• **INSTRUCTIONS TO FOLLOW**
Leaving out every picture, quote the data below exactly as it appears.

• **EXERCISE DATA**
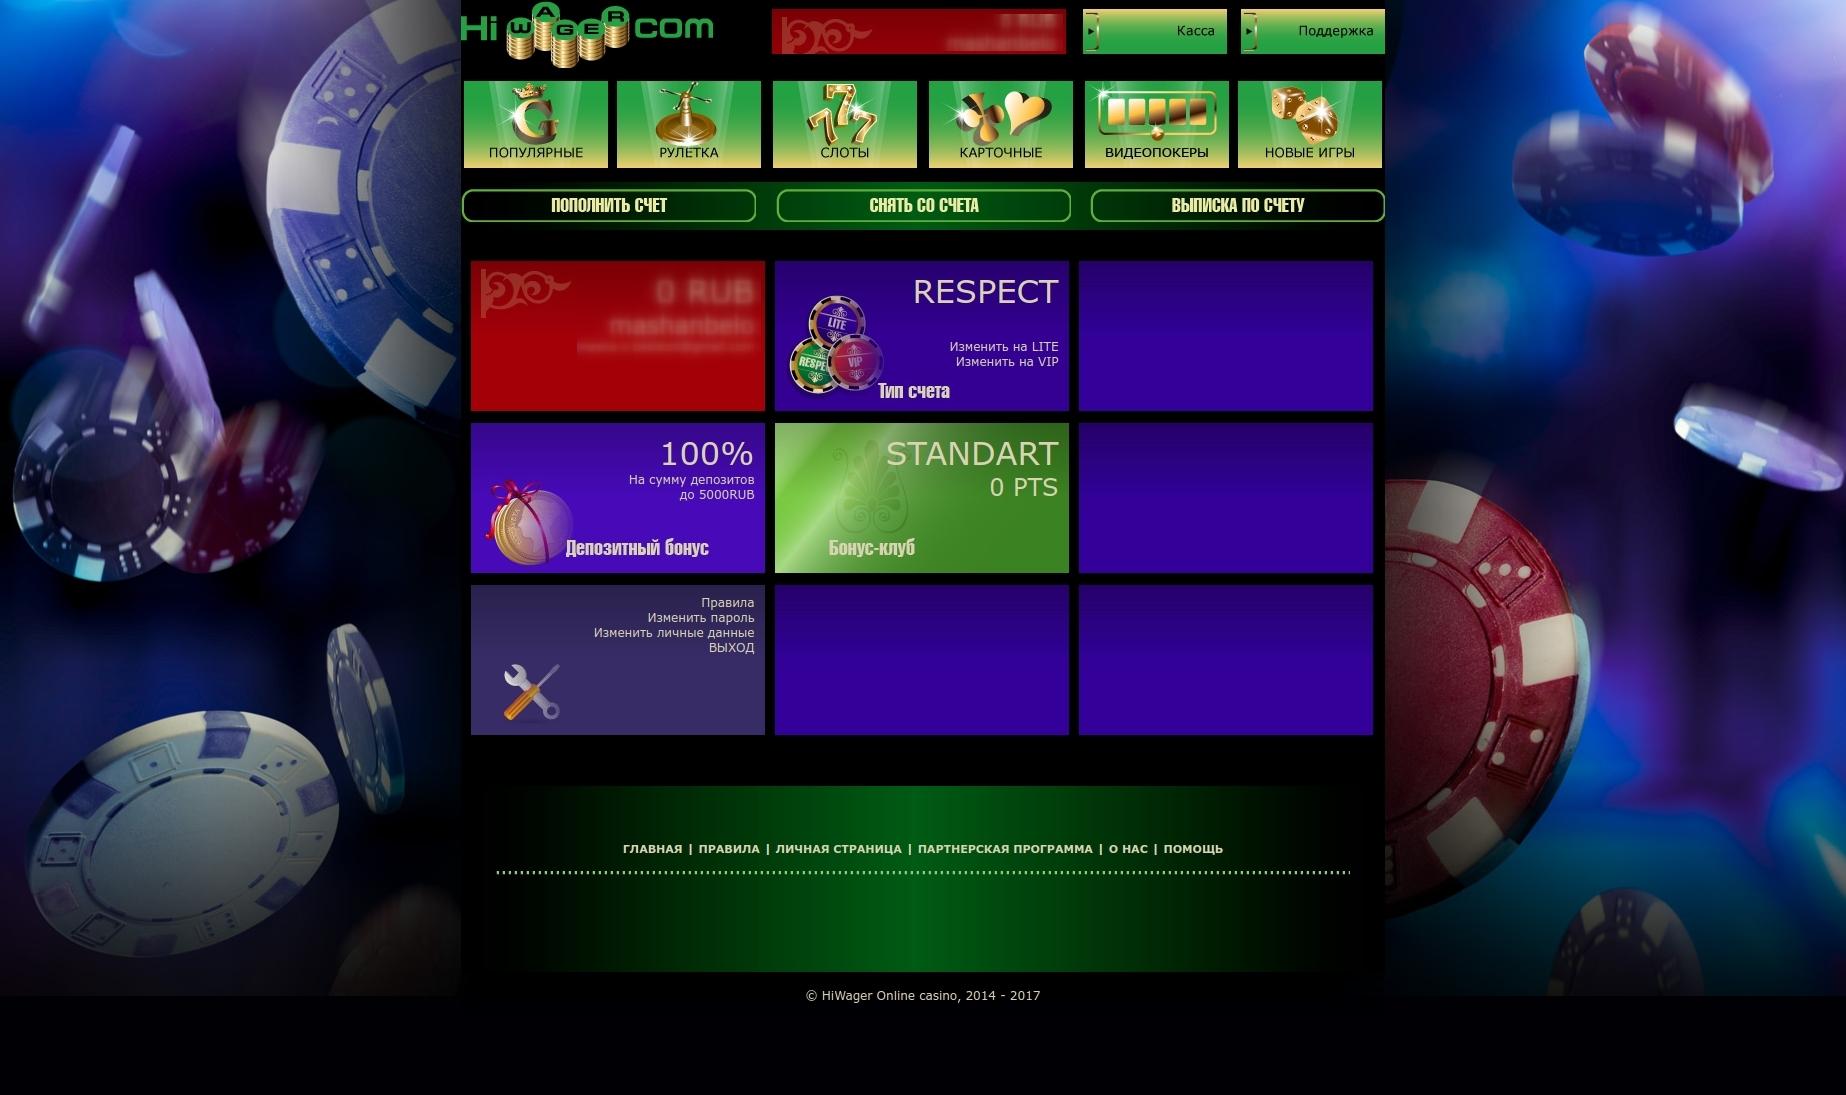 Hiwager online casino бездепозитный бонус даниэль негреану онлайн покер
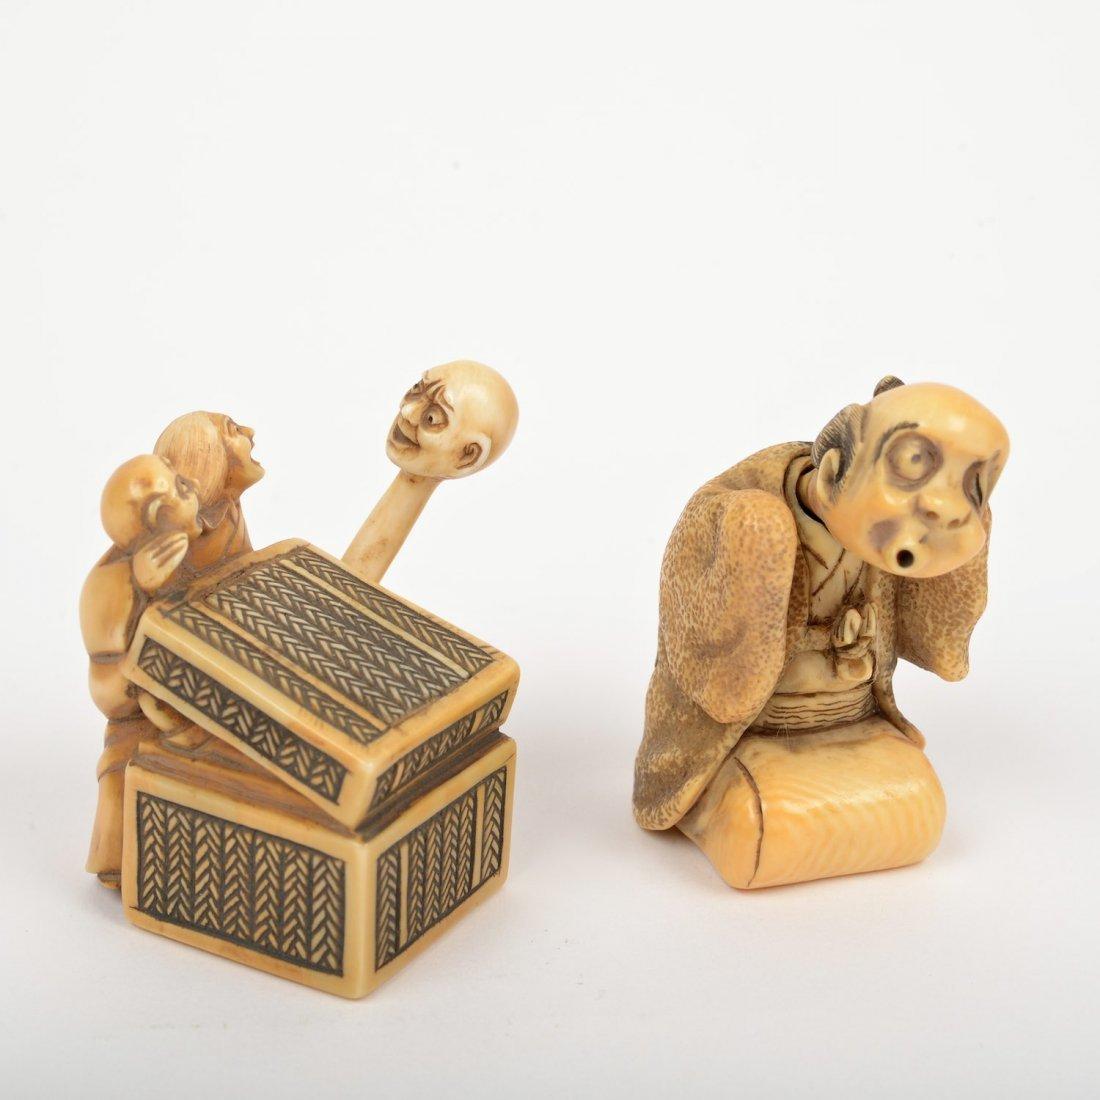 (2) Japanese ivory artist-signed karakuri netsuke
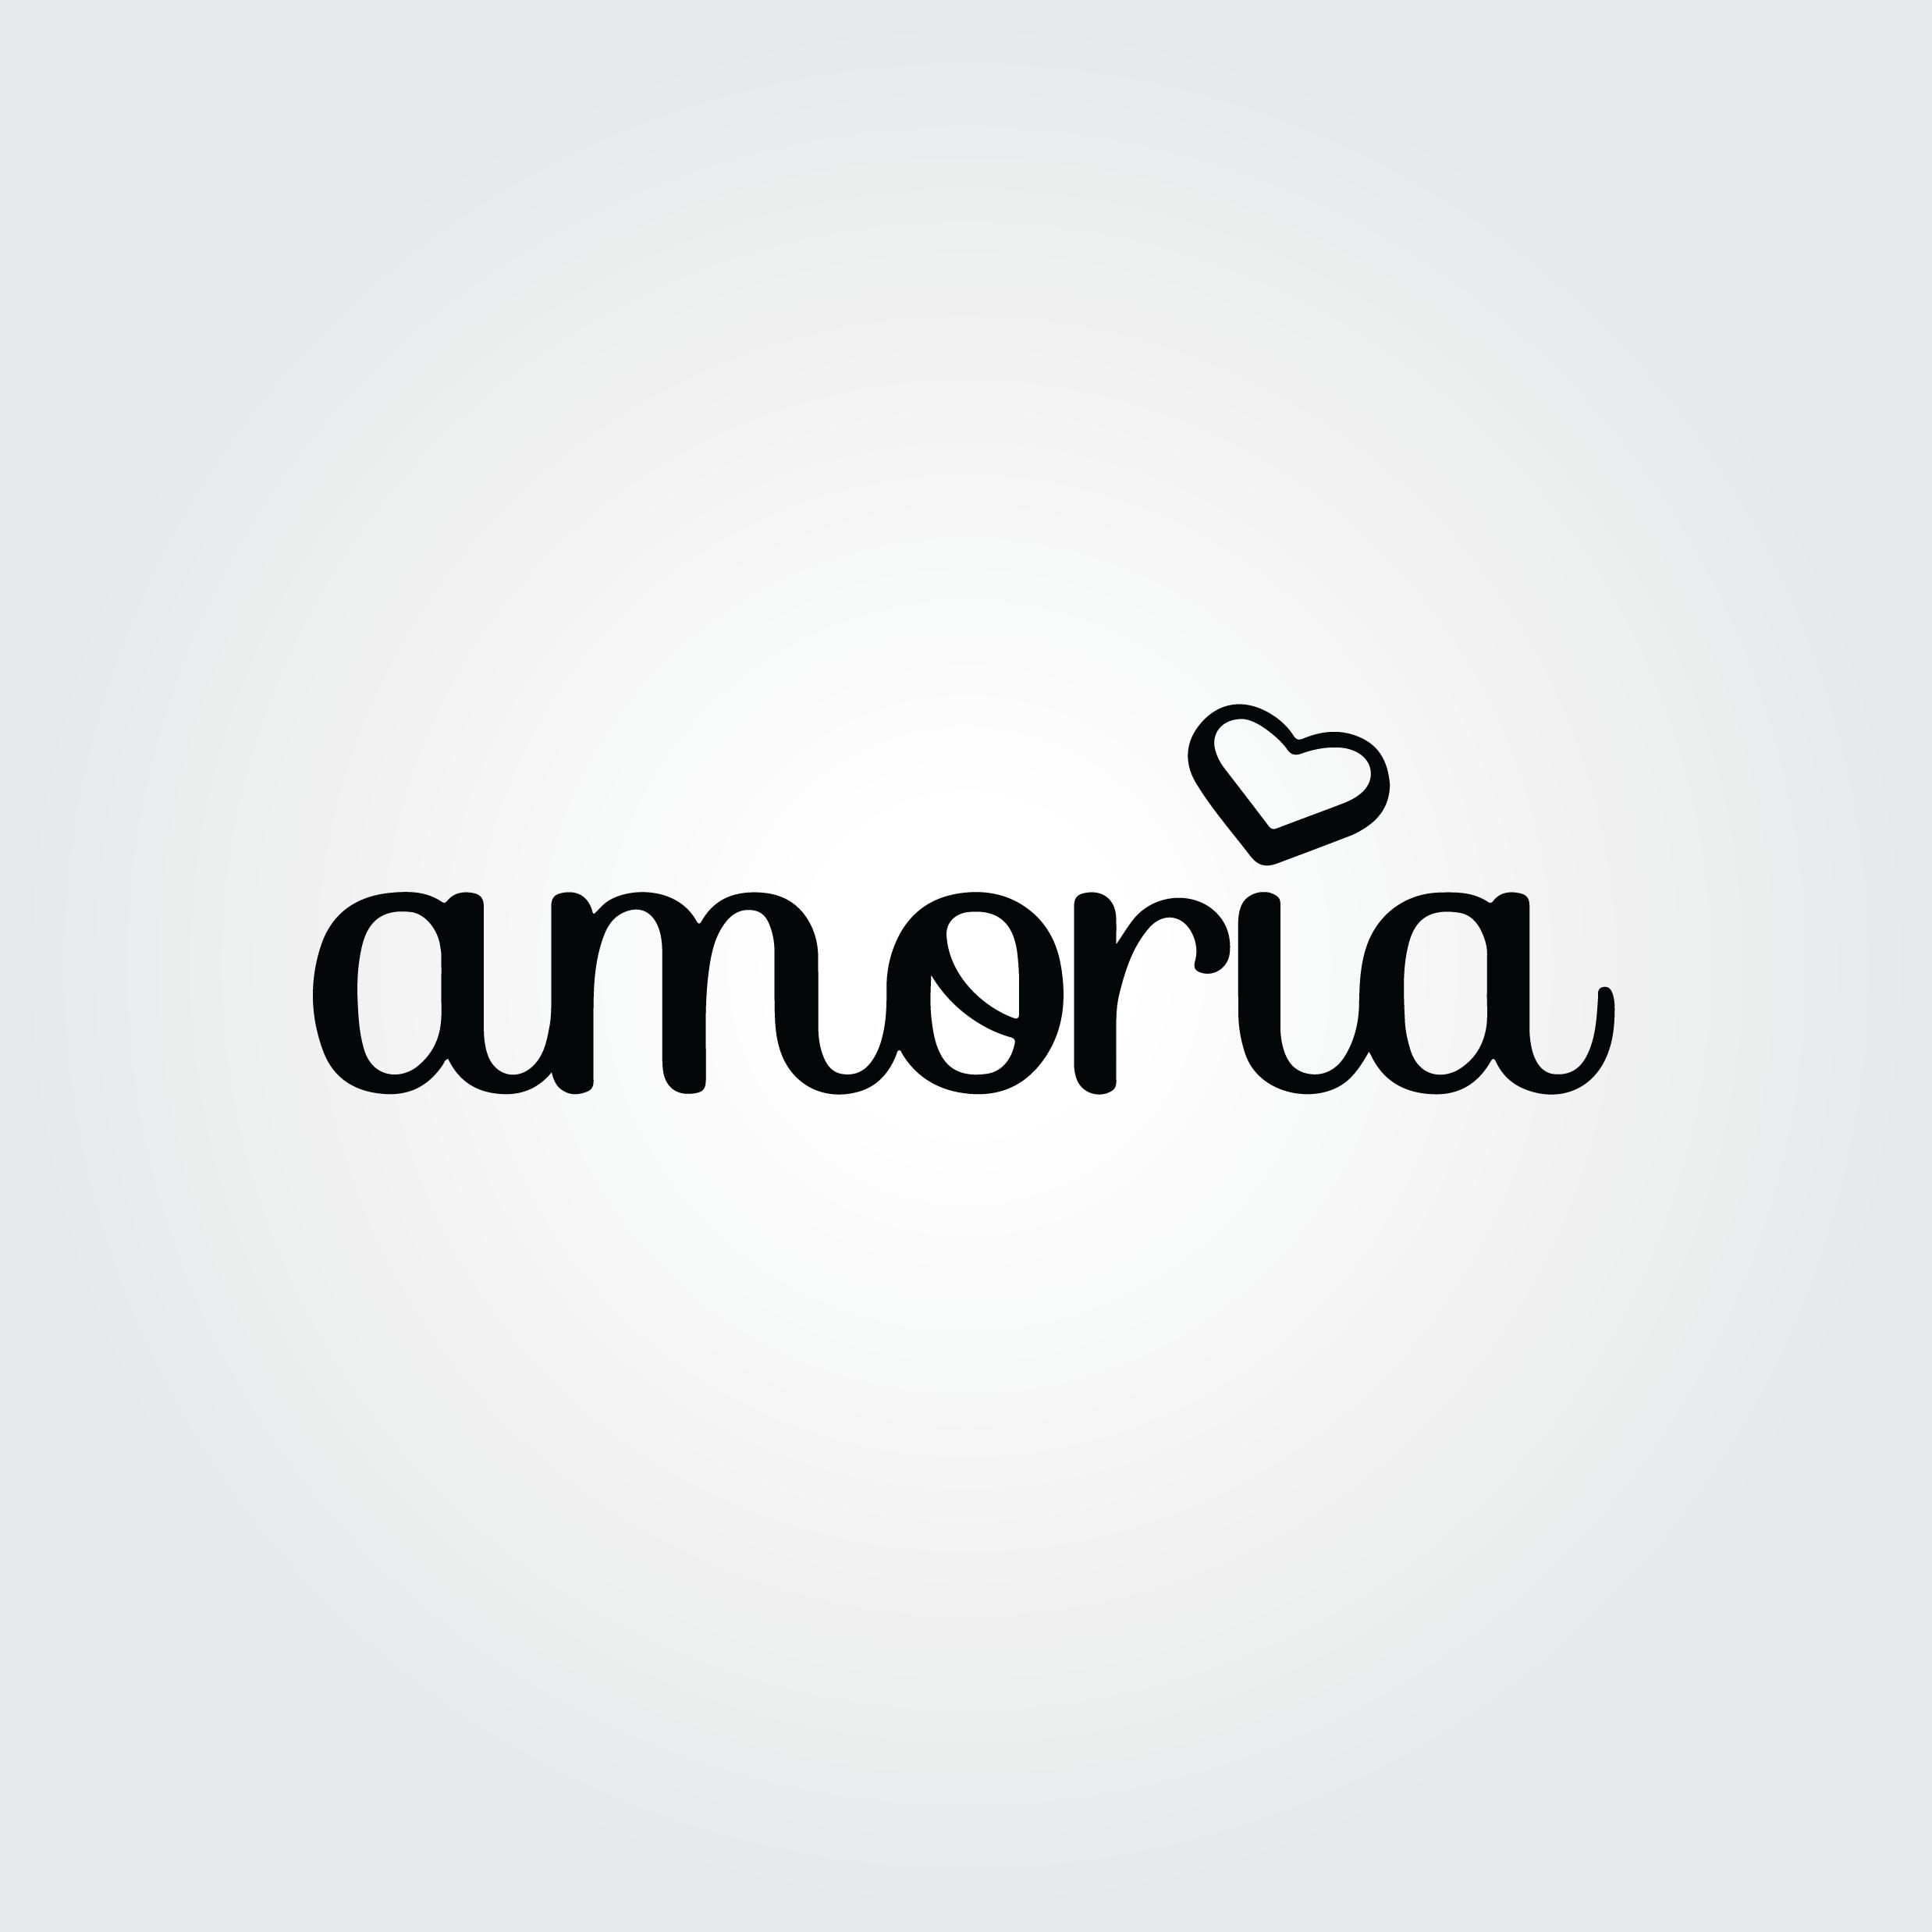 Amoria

• **SOLUTION FOR THIS EXERCISE**
 Hiwager online casino бездепозитный бонус даниэль негреану онлайн покер
 (2) Japanese ivory artist-signed karakuri netsuke
 Amoria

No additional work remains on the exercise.